This, most data-rich species description, represents also the first biodiversity project that joins the ISA (Investigation-Study-Assay) Commons, that is an approach created by the genomic and molecular biology communities to store and describe different data types collected in the course of a multidisciplinary study.
"Communicating the results of next generation sequencing effectively requires the next generation of data publishing" says Prof. Lyubomir Penev, Managing director of Pensoft Publishers. "It is not sufficient just to collect 'big' data. The real challenge comes at the point when data should be managed, stored, handled, peer-reviewed, published and distributed in a way that allows for re-use in the coming big data world", concluded Prof. Penev.
"Next generation sequencing is moving beyond piecing together a species genetic blueprint to areas such as biodiversity research, with mass collections of species in "metabarcoding" surveys bringing genomics, monitoring of ecosystems and species-discovery closer together. This example attempts to integrate data from these different sources, and through curation in BGI and GigaScience's GigaDB database to make it interoperable and much more usable," says Dr Scott Edmunds from BGI and Executive Editor of GigaScience.
Pensoft and the Natural History Museum London have received financial support by the EU FP7 projects ViBRANT and pro-iBiosphere. The China National GeneBank (CNGB) and GigaScience teams have received support from the BGI. The DNA barcodes were obtained through the International Barcode of Life Project supported by grants from NSERC and from the government of Canada through Genome Canada and the Ontario Genomics Institute.
Stoev P, Komerički A, Akkari N, Shanlin Liu, Xin Zhou, Weigand AM, Hostens J, Hunter CI, Edmunds SC, Porco D, Zapparoli M, Georgiev T, Mietchen D, Roberts D, Faulwetter S, Smith V, Penev L (2013) Eupolybothrus cavernicolus Komerički & Stoev sp. n. (Chilopoda: Lithobiomorpha: Lithobiidae): the first eukaryotic species description combining transcriptomic, DNA barcoding and micro-CT imaging data. Biodiversity Data Journal 1: e1013. DOI: 10.3897/BDJ.1.e1013
Edmunds SC, Hunter CI, Smith V, Stoev P, Penev L (2013) Biodiversity research in the "big data" era: GigaScience and Pensoft work together to publish the most data-rich species description. GigaScience 2:14 doi:10.1186/2047-217X-2-14
Watch the 3D cybertype video: http://www.youtube.com/watch?v=vqPuwKG8hE4&feature=em-upload_owner
The Biodiversity Data Journal goes beyond the basics of the Gold Open Access
There are two main modes of open access publishing – Green Open Access, where the author has the right to provide free access to the article outside the publisher's web site in a repository or on his/her own website, and Gold Open Access, where articles are available for free download directly from the publisher on the day of publication.

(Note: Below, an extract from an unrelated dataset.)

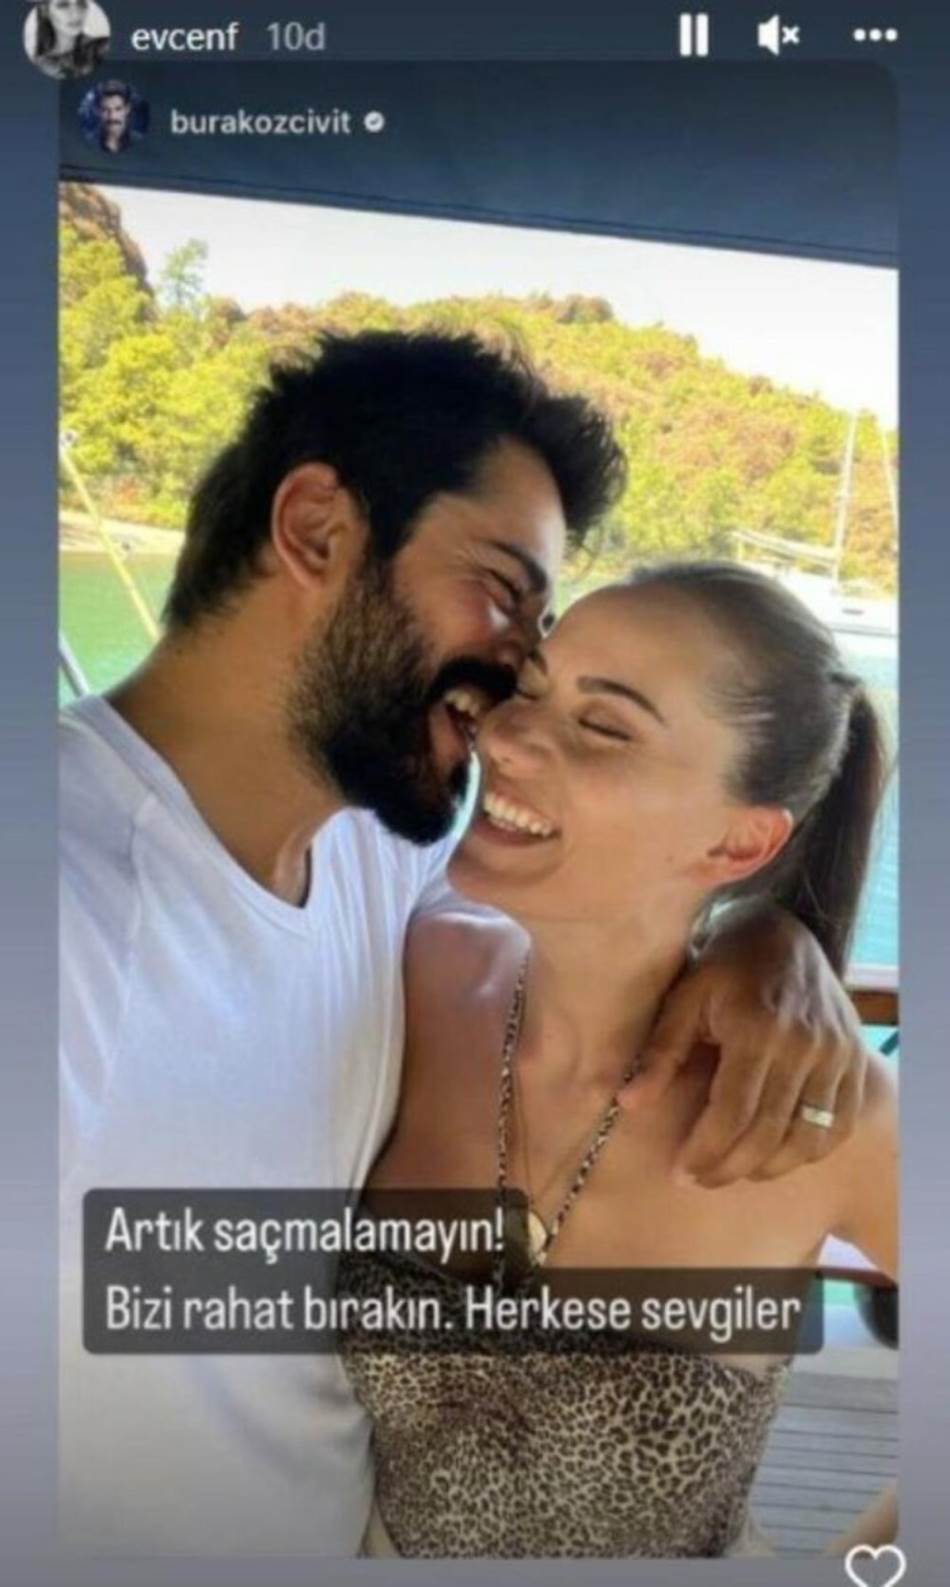 Burak Ozcivit i Fahriye Evcen su u braku od 2017. godine

Opening of content and data, however does not necessarily mean "easy to discover and re-use". The Biodiversity Data Journal proposed the term "Advanced Open Access" to describe an integrated, narrative (text) and data publishing model where the main goal is to make content "re-usable" and "interoperable" for both humans and computers.

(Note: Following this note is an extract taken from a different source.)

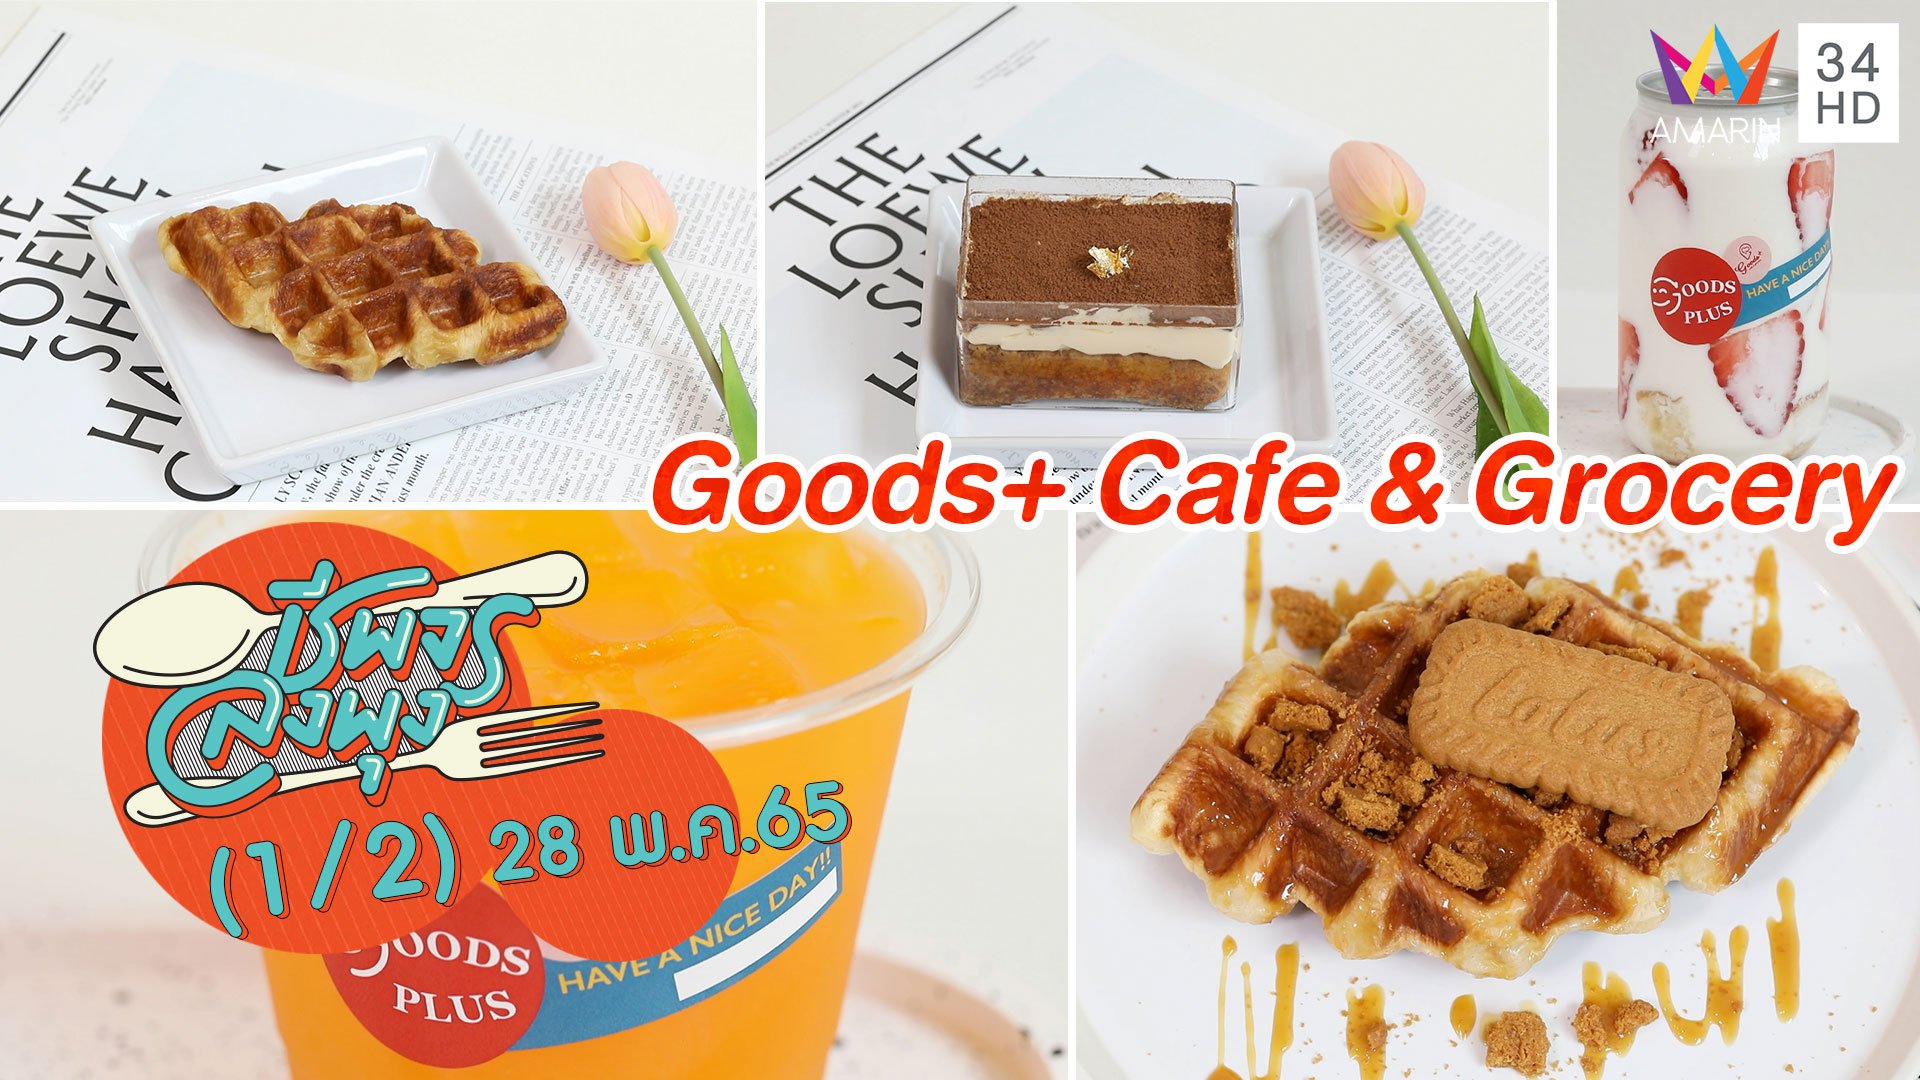 คาเฟ่สุดชิค @ ร้าน Goods+ Cafe & Grocery | ชีพจรลงพุง | 28 พ.ค. 65 (1/2) | AMARIN TVHD34

To publish effectively in open access, it is not sufficient simply to provide PDF or HTML files online. It is crucial to put these under a reuse-friendly license and to implement technologies that allow machine-readable content and data to be harvested and collated into a big data pool.
The Advanced Open Access means:
- Free to read
- Free to re-use, revise, remix, redistribute
- Easy to discover and harvest
- Content automatically summarised by aggregators
- Data and narrative integrated to the widest extent possible
- Human- and computer-readable formats
- Community-based, pre- and post-publication peer-review
- Community ownership of data
- Free to publish or at low cost affordable by all
BDJ shortens the distance between "narrative" (text) and "data" publishing. Many data types, such as species occurrences, checklists, measurements and others, are converted into text from spreadsheets for better readability by humans. Conversely, text from an article can be downloaded as structured data or harvested by computers for further analysis.
"Open access is definitely one of the greatest steps in scientific communication comparable to the invention of the printing technology or the peer-review system. Great but not sufficient!" said Prof. Lyubomir Penev, founder of Pensoft Publishers and the Biodiversity Data Journal. "We need to switch the focus already from making content 'available for free download' to being discoverable and extractable. Such re-usability multiplies society's investment in science".
The Biodiversity Data Journal is designed by Pensoft Publishers and was funded in part by the European Union's Seventh Framework Program (FP7) project ViBRANT.
Source: Smith V, Georgiev T, Stoev P, Biserkov J, Miller J, Livermore L, Baker E, Mietchen D, Couvreur T, Mueller G, Dikow T, Helgen K, Frank J, Agosti D, Roberts D, Penev L (2013) Beyond dead trees: integrating the scientific process in the Biodiversity Data Journal. Biodiversity Data Journal 1: e995. DOI: 10.3897/BDJ.1.e995
The Royal Museum for Central Africa (RMCA) in Tervuren (Belgium) is part of the FishBase Consortium and responsible for the information on the fresh- and brackish water fishes of Africa. Through an agreement with the Belgian Development Cooperation and as part of the FishBase programme, the RMCA has five grants available for a 3-month training programme in the use of FishBase and the taxonomy of African fishes.
The training includes three subsets:
- A detailed explanation of FishBase in all its aspects;
- A training in the taxonomy of African fishes; and
- A case study based on data from FishBase or on taxa for which taxonomic problems have been encountered.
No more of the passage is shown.